▶ WHAT YOU NEED TO DO: When you reach the line below that has "Josh Parker looks", start returning lines exactly, and stop after the line that has "A beautiful romantic"; skip the pictures.

▶ RECORDS FOR THE TASK:
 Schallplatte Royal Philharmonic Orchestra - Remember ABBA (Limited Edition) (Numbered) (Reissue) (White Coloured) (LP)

==

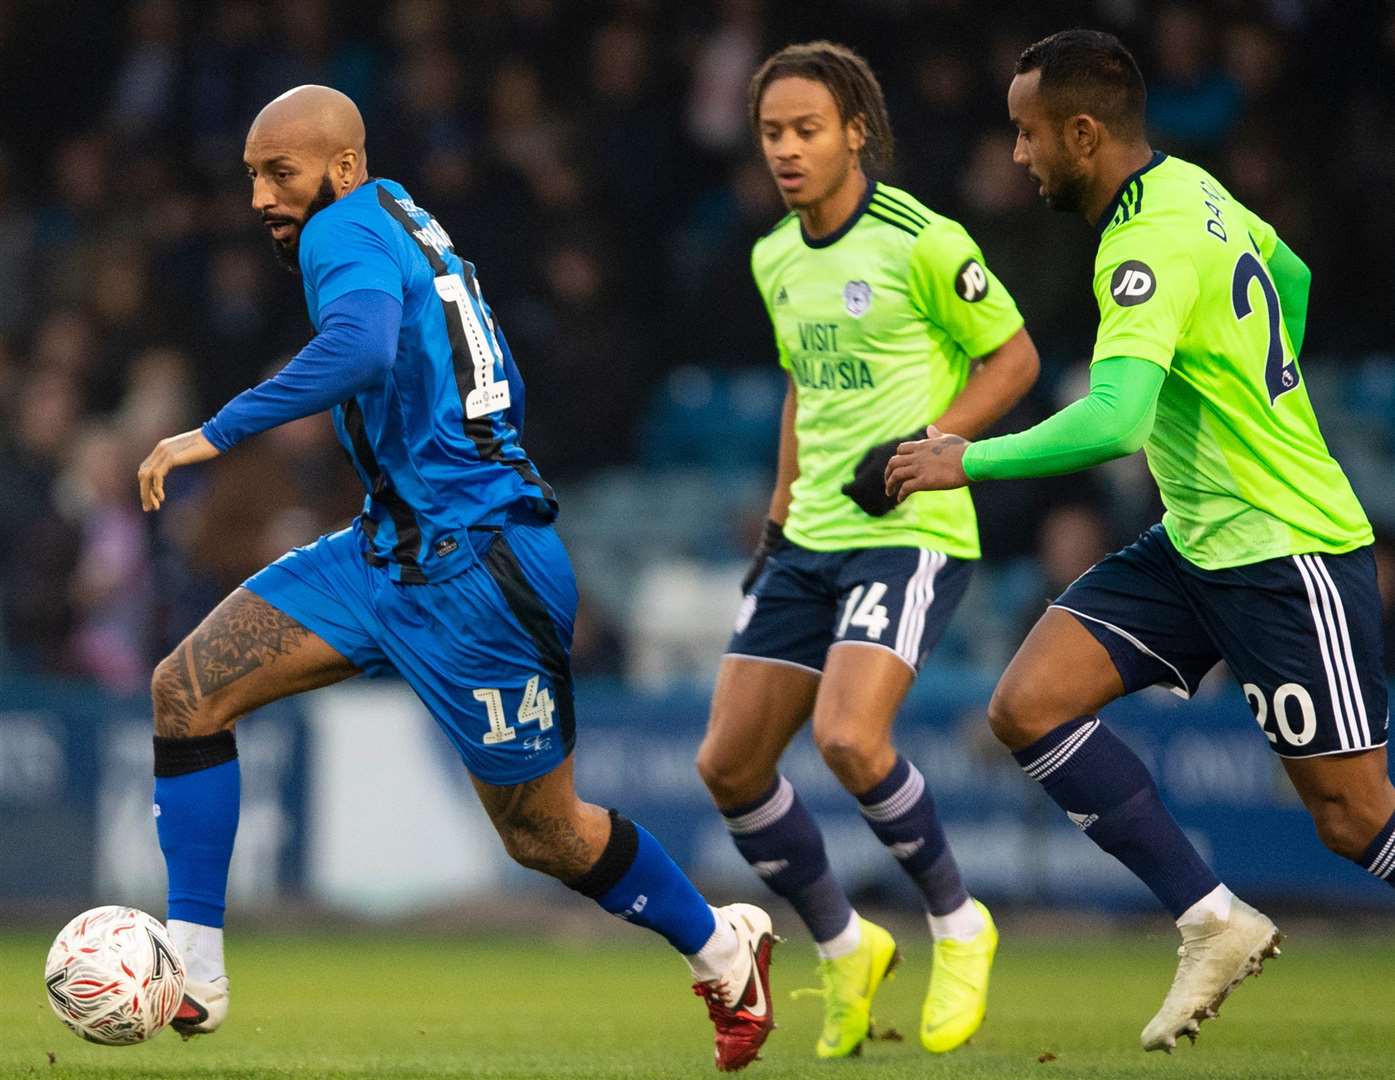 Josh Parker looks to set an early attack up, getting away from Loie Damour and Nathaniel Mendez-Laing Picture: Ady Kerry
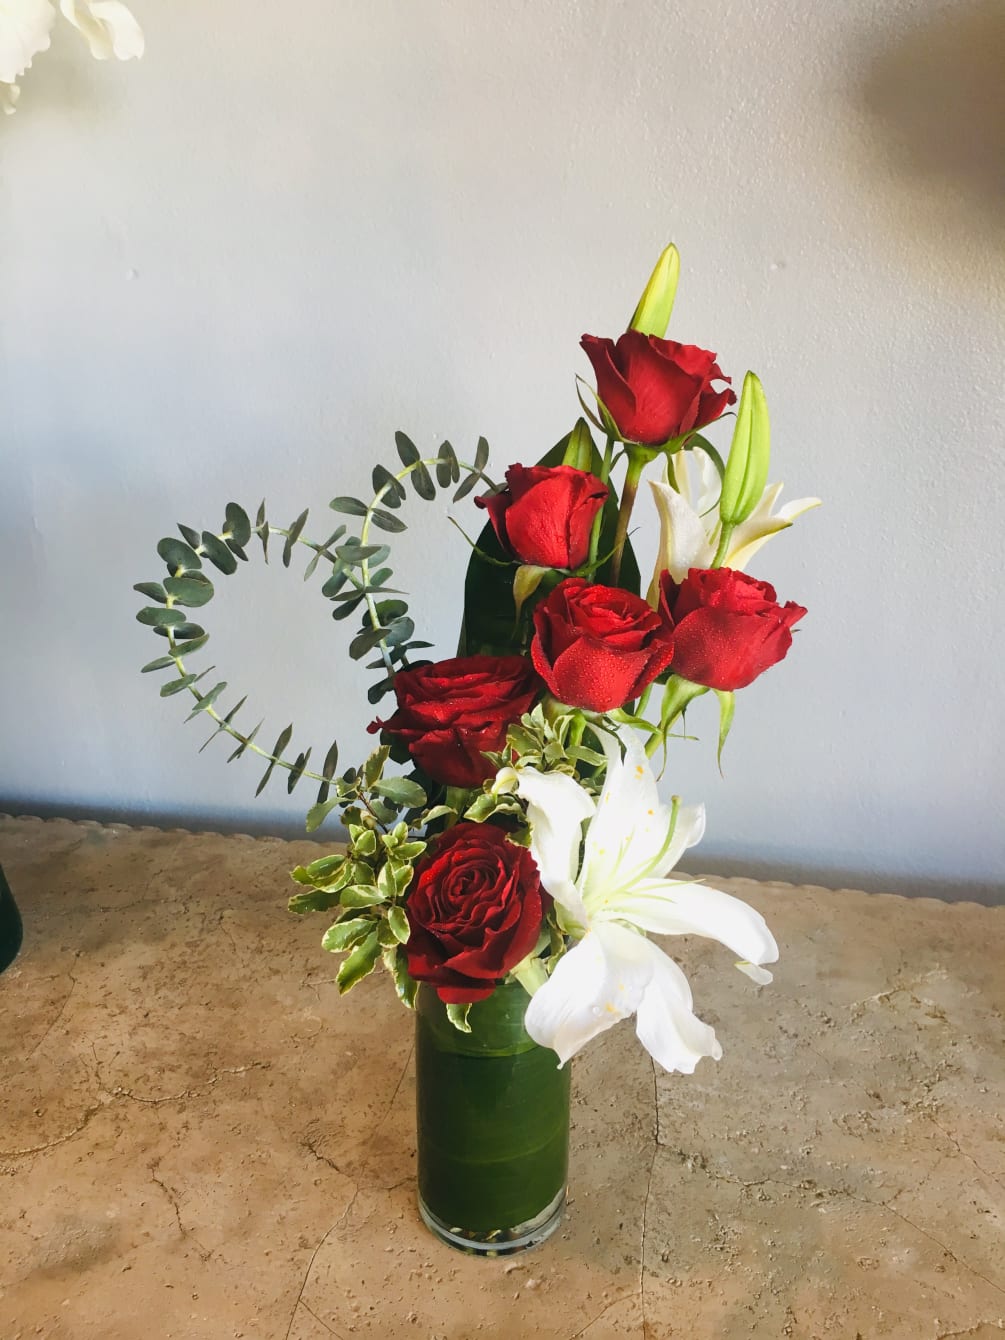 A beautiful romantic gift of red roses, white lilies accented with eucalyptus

▶ ANSWER:
 Josh Parker looks to set an early attack up, getting away from Loie Damour and Nathaniel Mendez-Laing Picture: Ady Kerry
 A beautiful romantic gift of red roses, white lilies accented with eucalyptus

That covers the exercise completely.